(Task to carry out): Without including any pictures, write out the data below exactly.

(Data shown):
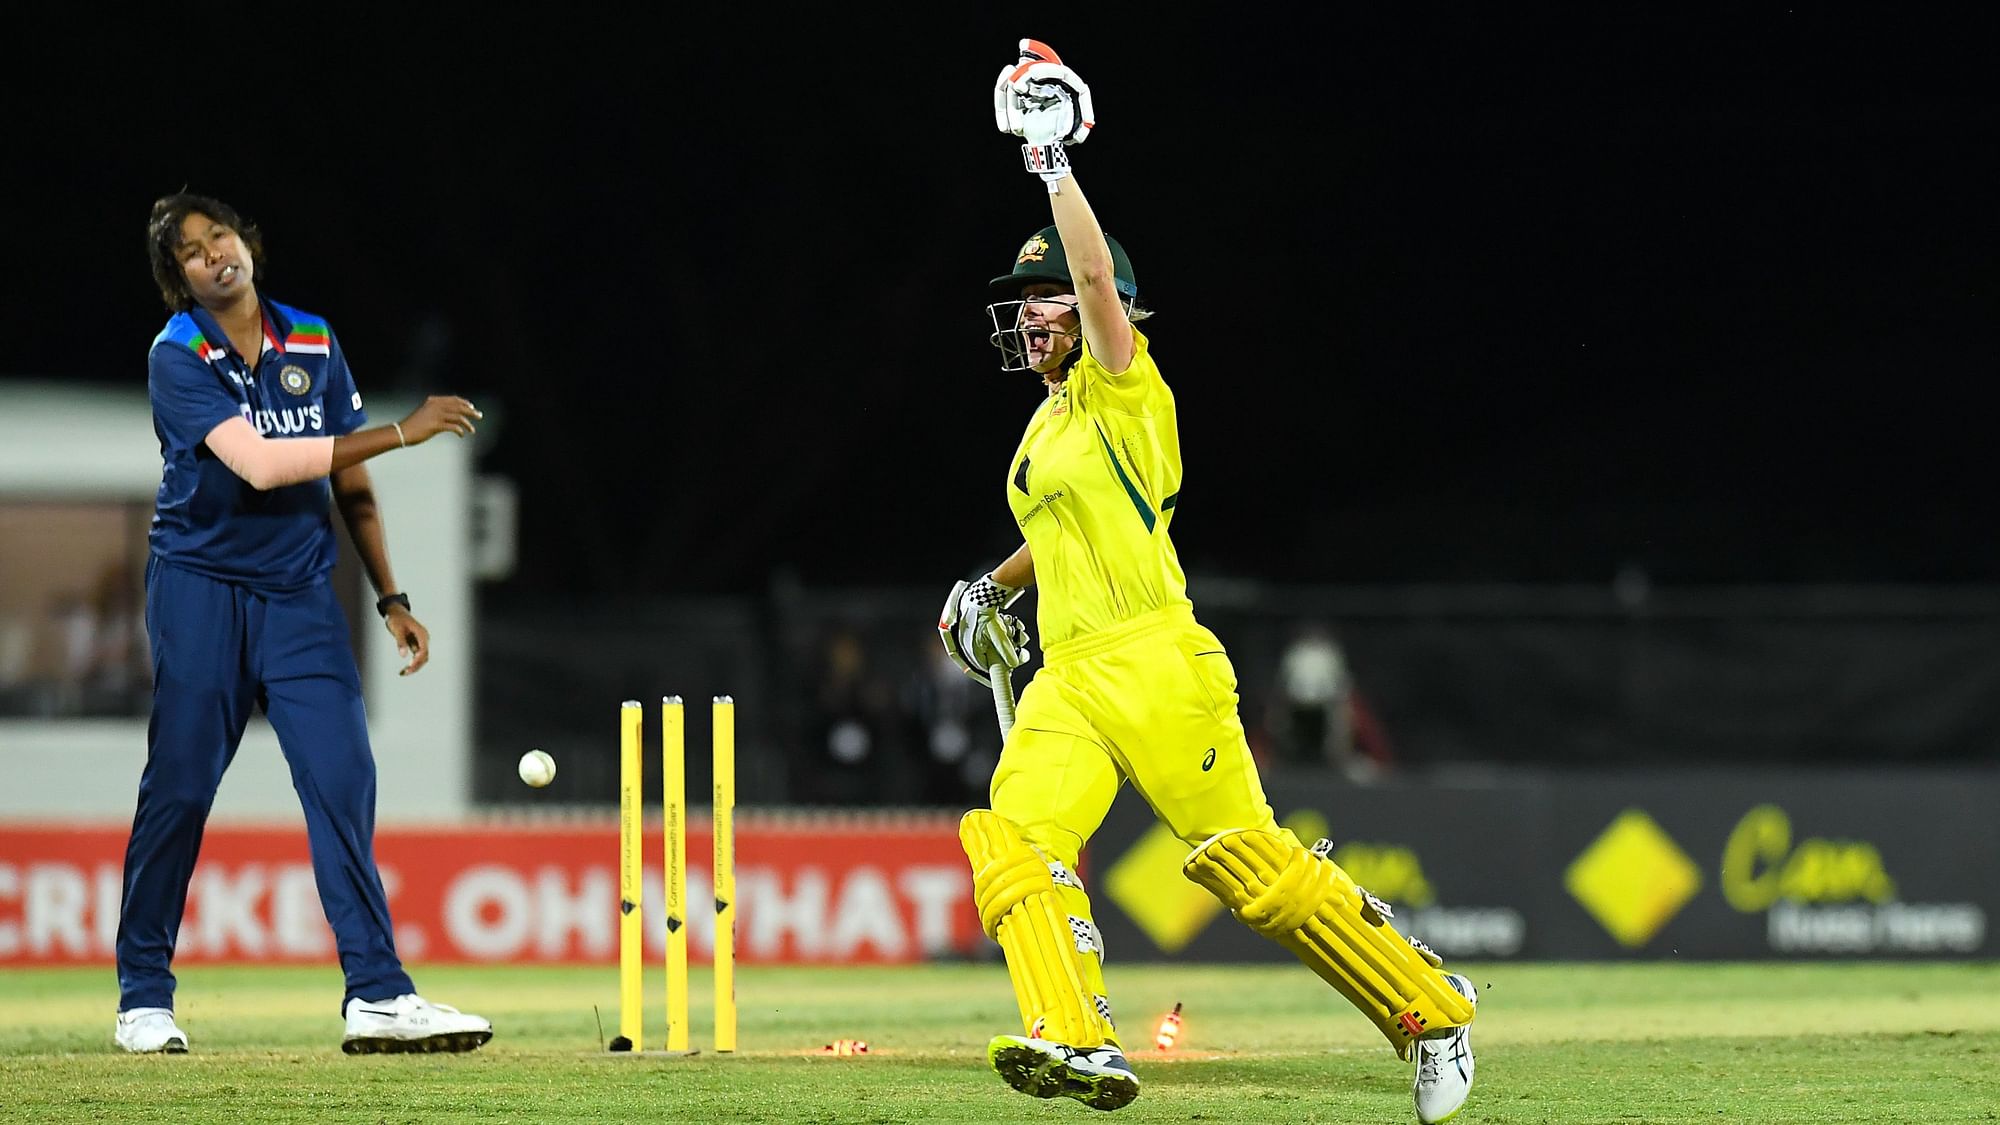 <div class="paragraphs"><p>Australia won a thriller by 5 wickets against India&nbsp;</p></div>
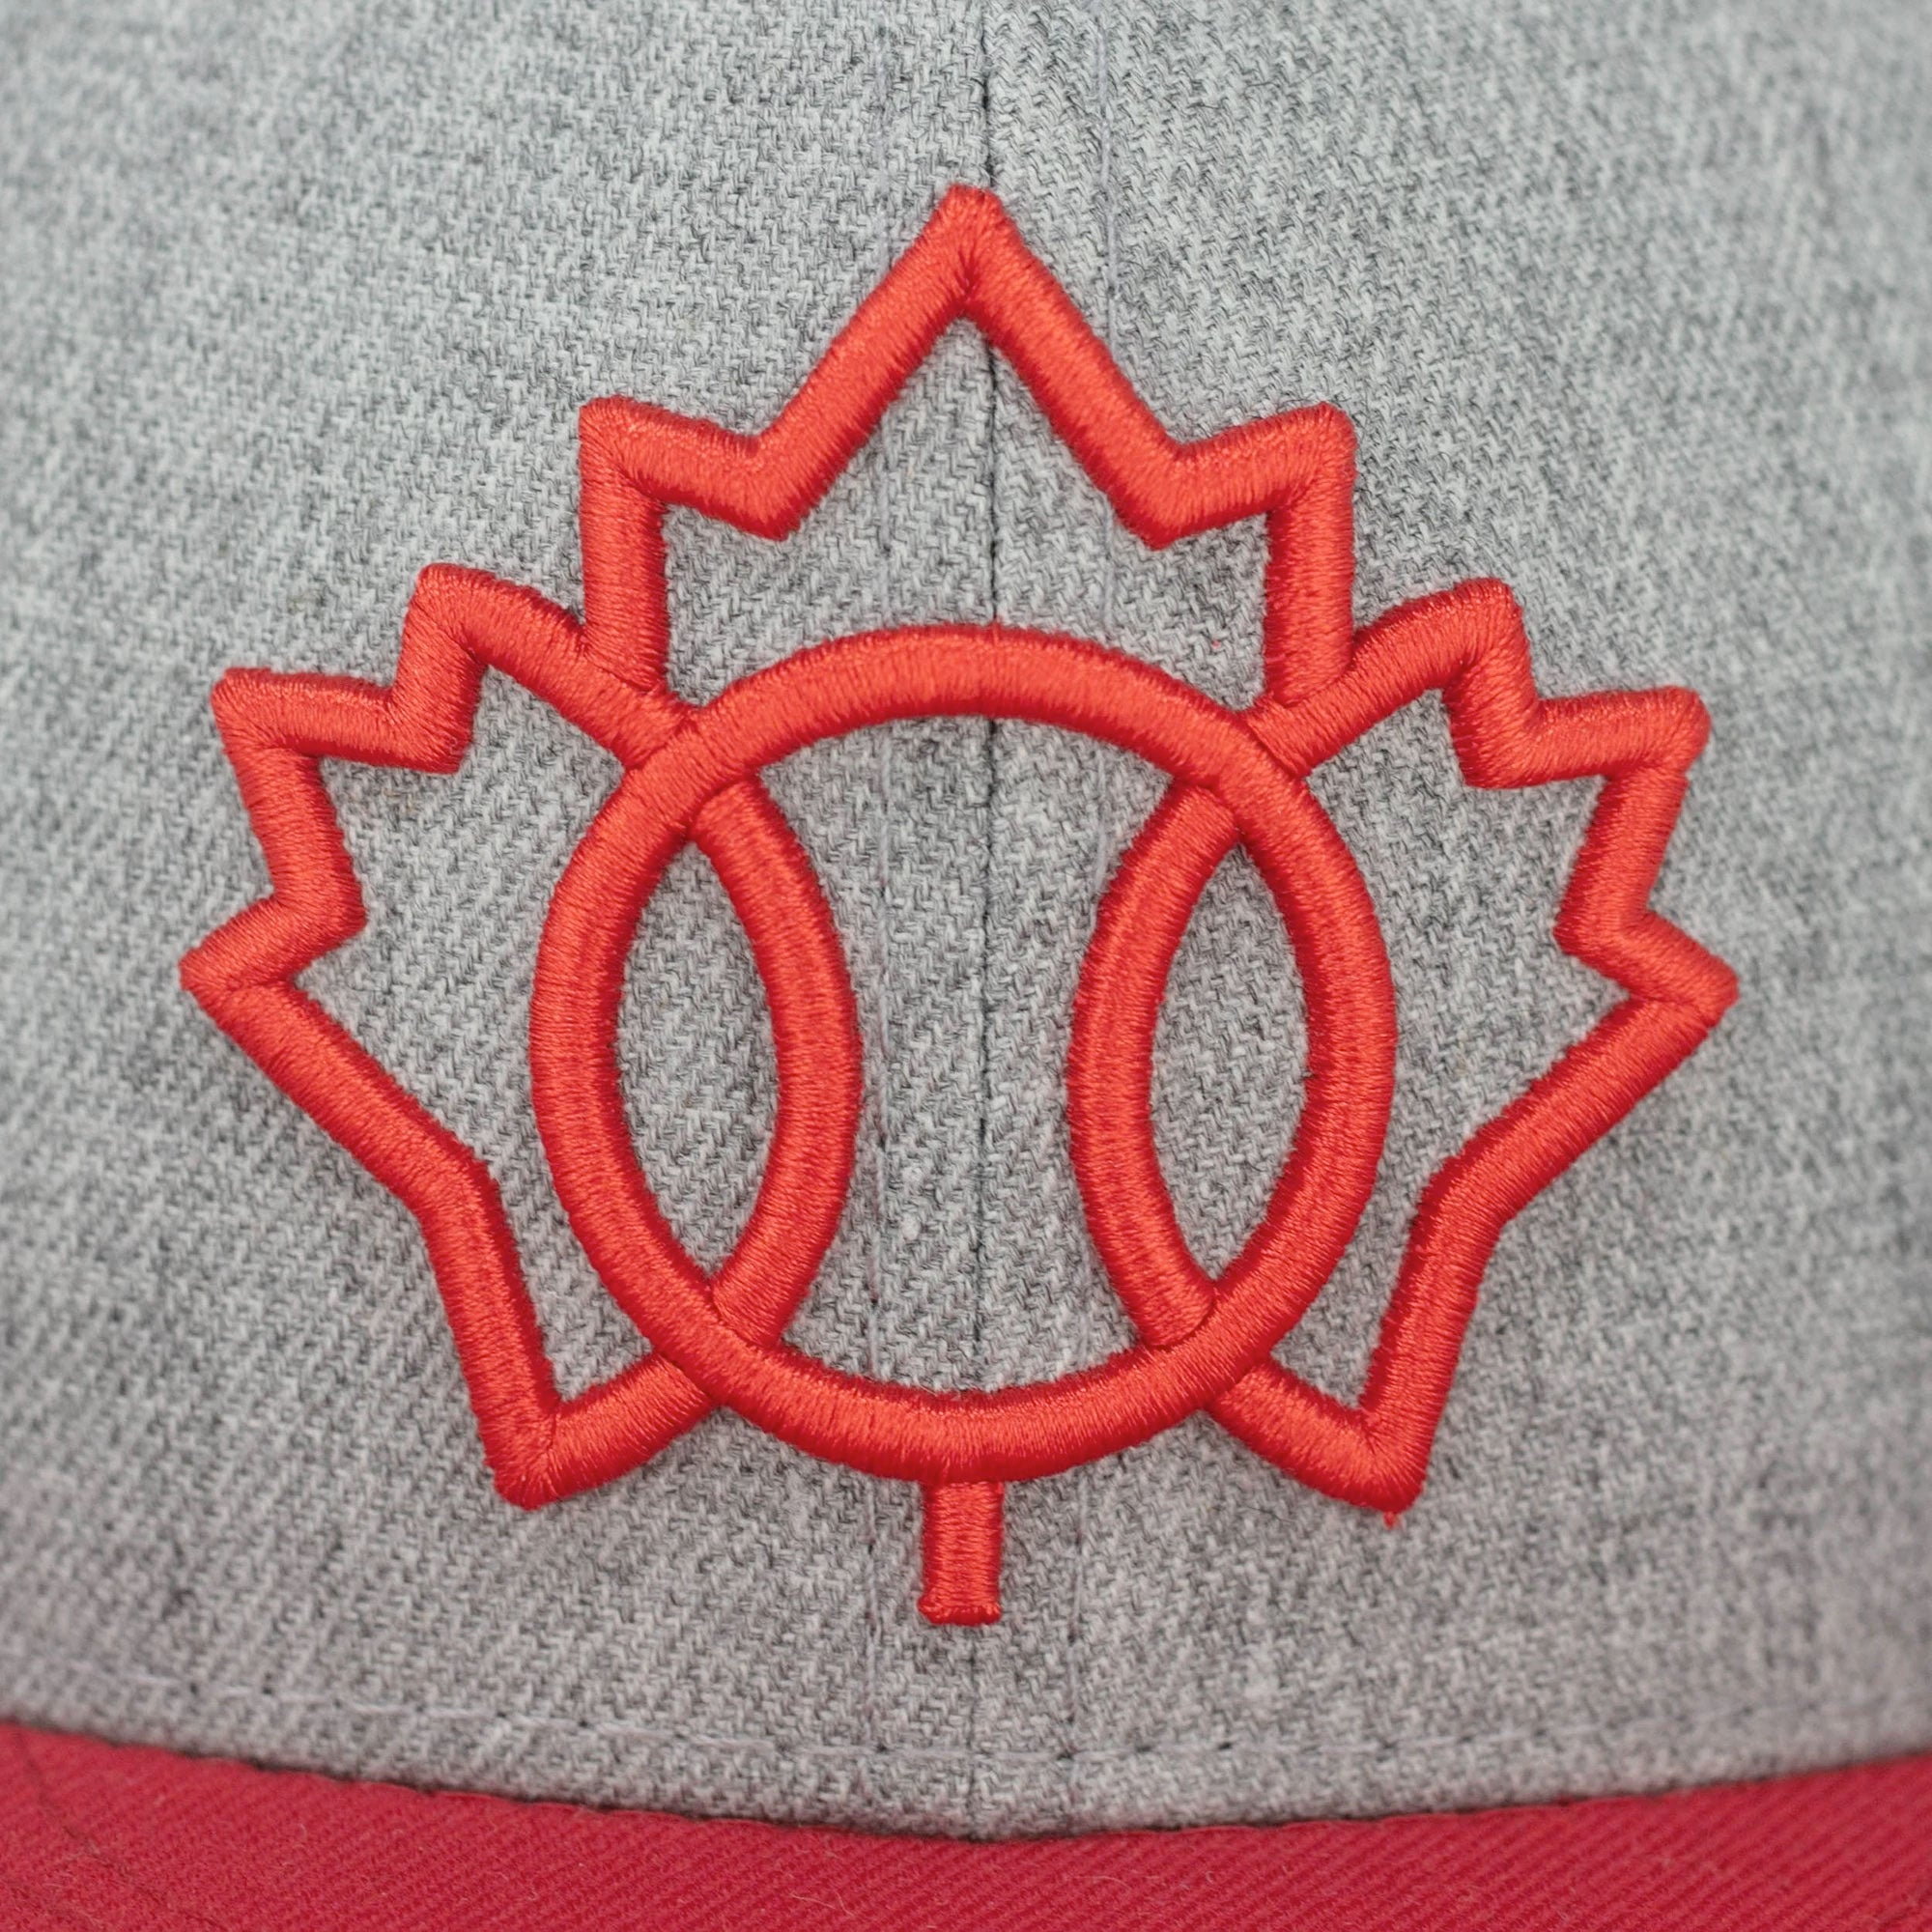 Baseballism Canada Snapback Hat
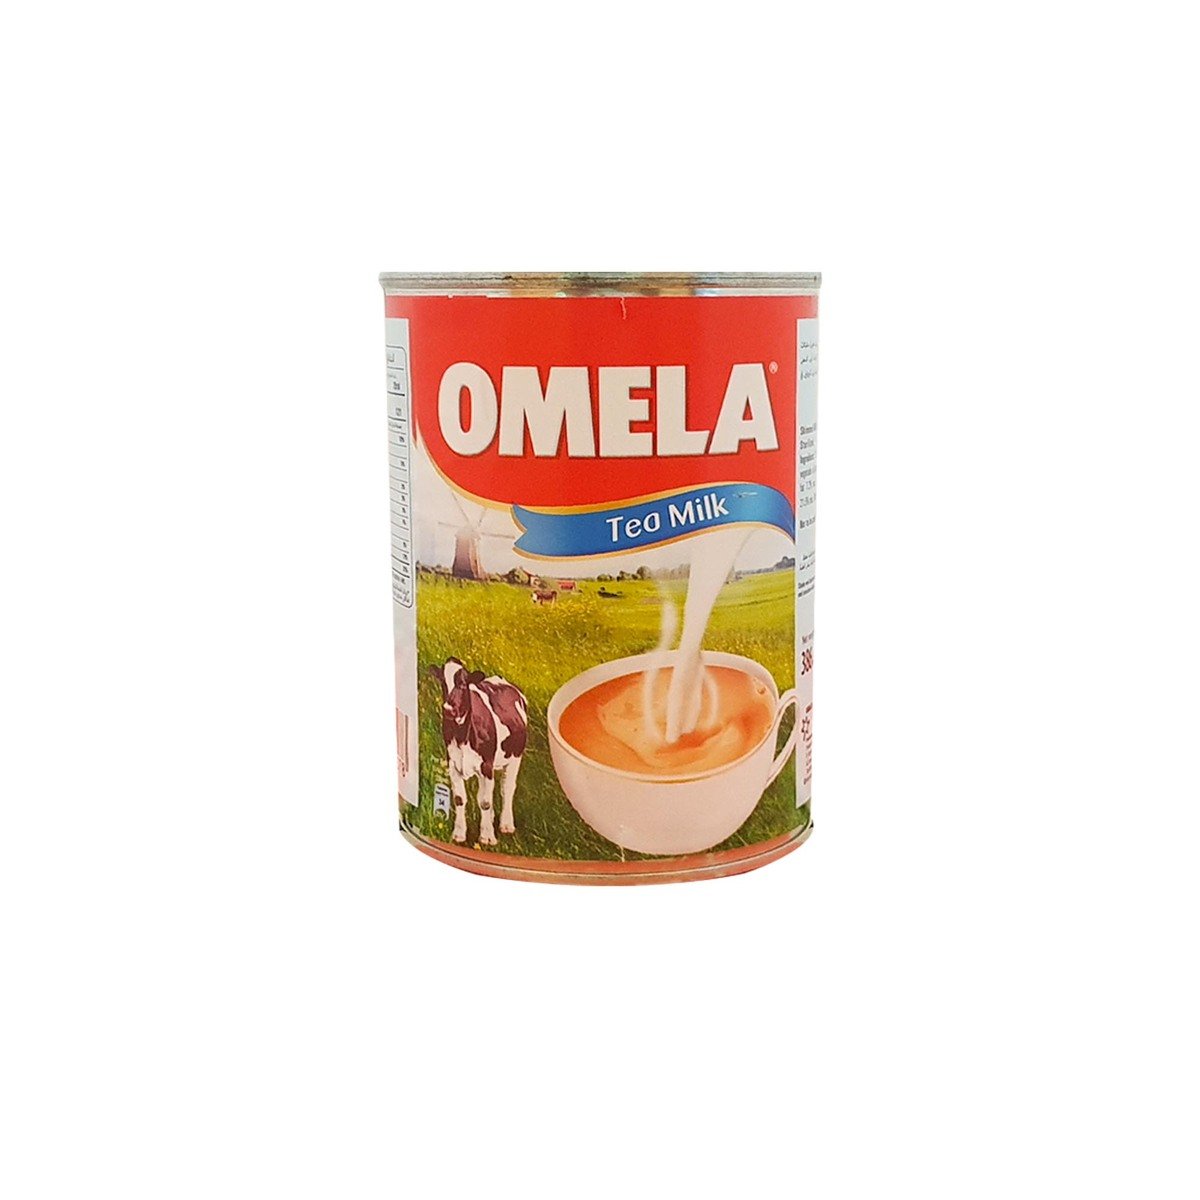 Omela Tea Milk 48 x 405g

(Result of this task):
 <div class="paragraphs"><p>Australia won a thriller by 5 wickets against India&nbsp;</p></div>
 Baseballism Canada Snapback Hat
 Omela Tea Milk 48 x 405g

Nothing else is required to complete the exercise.